CJefferson · on Feb 27, 2017

Ah, that is a much more sensible request! Sorry for my harsh reply.

hvidgaard · on Feb 27, 2017

You can, but they should reengineer Git to use any hash function, and not assume output length.

mattkrause · on Feb 27, 2017

I think the bigger problem is that tons of other stuff also assumes the output length.

hvidgaard · on Feb 27, 2017

That can be mitegated, but the sooner steps are made towards changing it, the easier it will be.

chmike · on Feb 27, 2017

The forged hash collision will always be a weak point. Things will get worse with cost reduction of processing power. It's a loosing battle.

The only way to detect without error two identical files is by comparing the files. This comparison can be speed up by comparing compressed version of the files.

The other functionality of hashes is to build a presumably unique file identifier. The byte sequence of the compressed file could serve as identifer.
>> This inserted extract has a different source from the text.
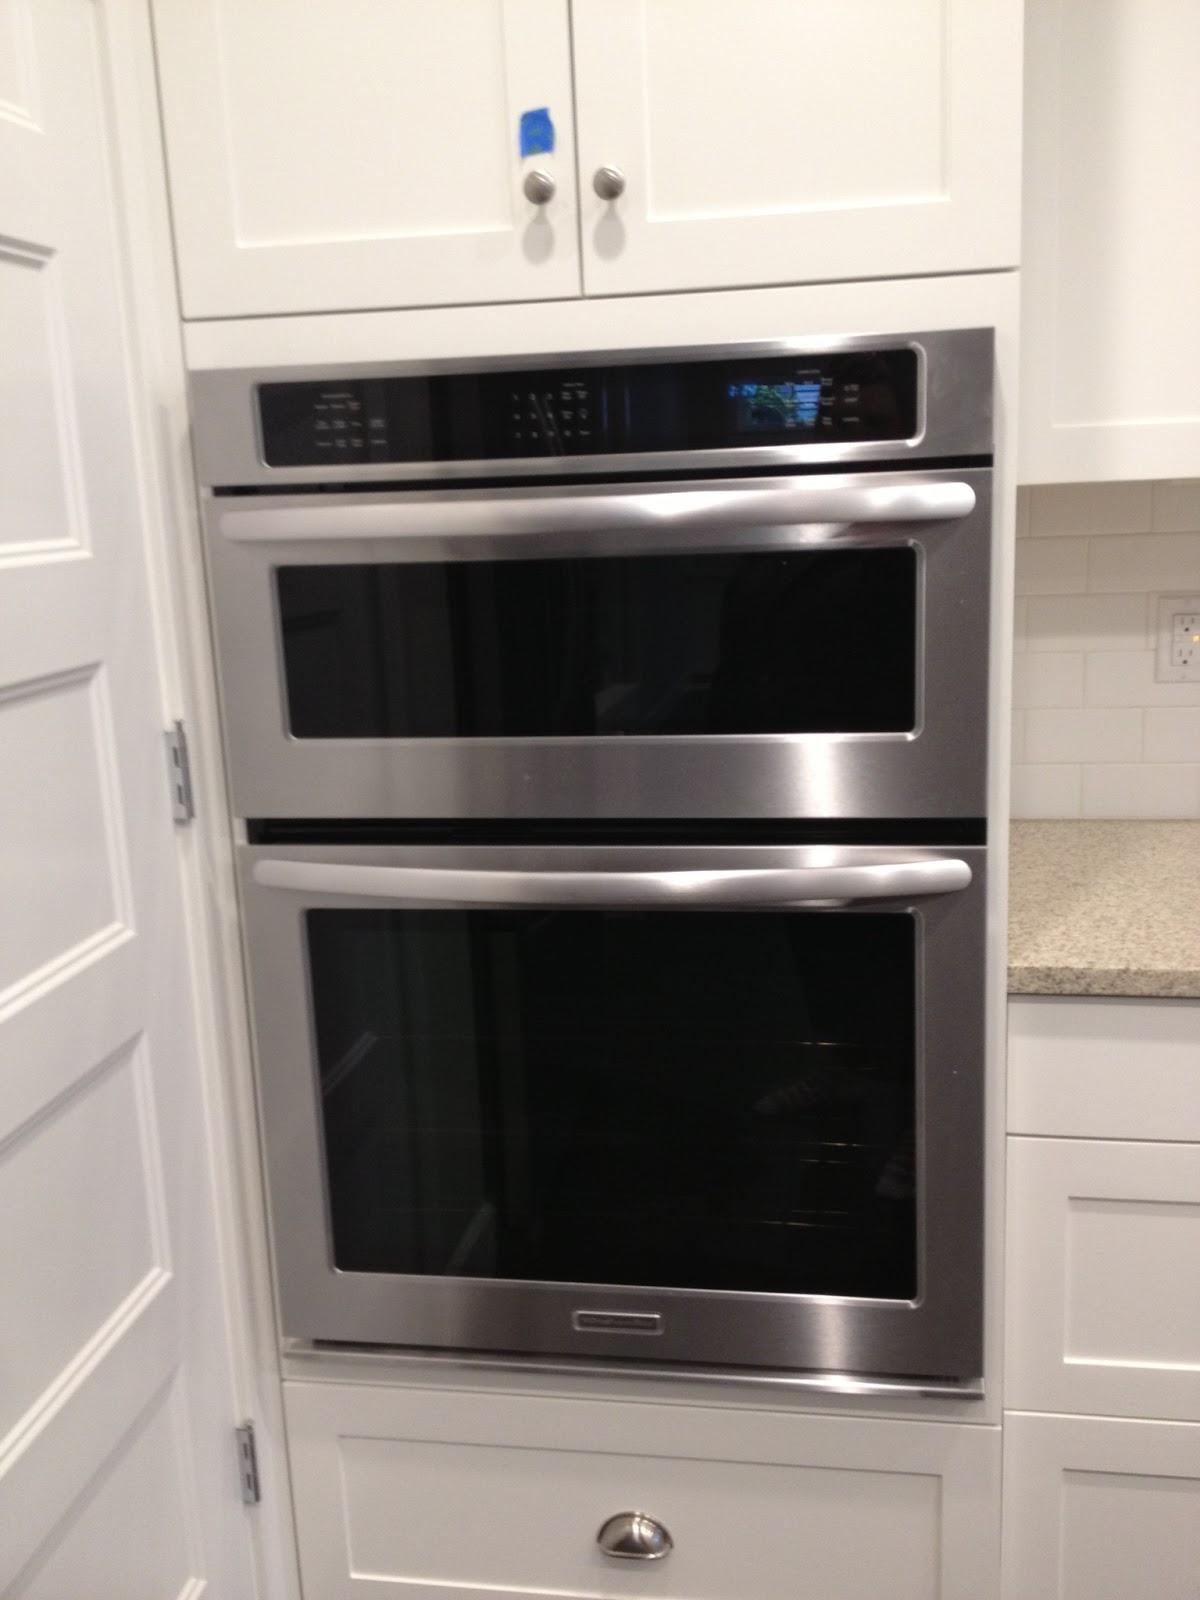 ... Kitchenaid Convection Microwave Ovens

So instead of using the file system as index with the sha1 name as file name, we would have to build a specific database organized as a set whose values (compressed files) would be the keys. A hash index could be used to speed up the search and equality test. Here a very fast hash would do the trick. Sha1 or a faster hash would be ok. The file system could then be used to organize the hash buckets as does git.

File comparision would of course first compare compressed and uncompressed file size. Or use other hashes or longer hash values to detect different files. When all these values are identical, then a file comparison must be performed to detect if we have a collision.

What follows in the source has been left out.